As the sequence $\{ K_\zeta :\zeta<\omega_1\}$ of closed sets cannot be
strictly decreasing, (d) implies that there exists an $\eta<\omega_1$
such that $K_\eta=\emptyset$; i.e., that \[
L_f(\alpha)=\Cup_{\zeta<\eta}F_\zeta. \] But, (c) implies that each
$F_\zeta\in\Fs$, which immediately yields $L_f(\alpha)\in\Fs$.
 
Next, suppose that $A\in\ambig$, $f(x)=\charf{A}(x)$ and $P$ is
a perfect set.   By supposition, both $A$ and $\comp{A}$ are \Gd\/
sets, so the Baire category theorem shows they both cannot be dense in
$P$. Therefore, there must exist a portion $Q\subset P$ such that
either $Q\subset A$ or $Q\subset \comp{A}$.  In either case, $f|Q$ is
constant and therefore continuous.  This shows that $f\in\bstar$ with
$A=L_f(1)$.
 
 
\begin{lemma}\lab{lem:openclosed} Let $A$ be a density closed set from
$\Fs\cap\Gd$ such that $A$ does not contain any infinite interval.

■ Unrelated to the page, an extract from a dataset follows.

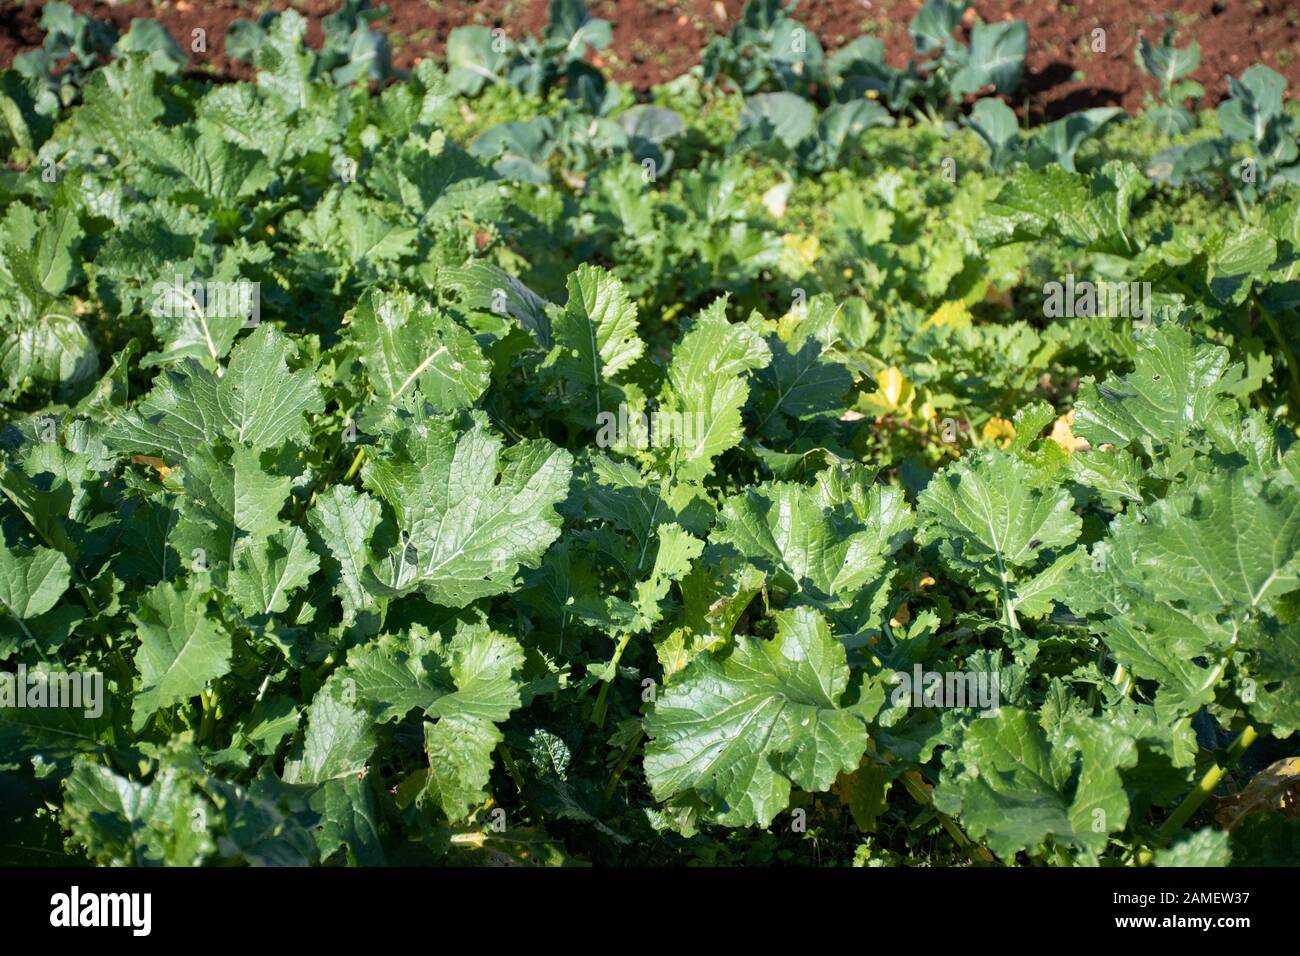 Cime di Rapa, rapini oder Brokkoli Rabe in einem Feld, grüne Gemüse aus der Familie der Kreuzblütler, veggies, mediterrane Küche Stockfoto

Then there is a bounded open set $G$ in \reals\/ such that $A\cap G$
is a nonempty compact set. \end{lemma}
 
Proof. First, suppose that $A$ contains no open intervals.  Assume the
lemma is not true in this case.  We claim that with this supposition,
both $A$ and \comp{A} are dense \Gd\/ subsets of \cl{A}.  This claim
is clear for $A$.  To prove it for \comp{A}, let $I$ be any open
interval such that $I\cap A\ne\emptyset$. Since $A$ contains no open
intervals, there must exist a closed interval $[c,d]\subset I$ such
that $[c,d]\cap A=(c,d)\cap A$ is nonempty and not closed.  It follows
easily from this that  \[ I\cap\cl{A}\setminus A\supset
[c,d]\cap\cl{A}\setminus A\ne\emptyset, \] which implies the claim.
But, this obviously contradicts the Baire category theorem.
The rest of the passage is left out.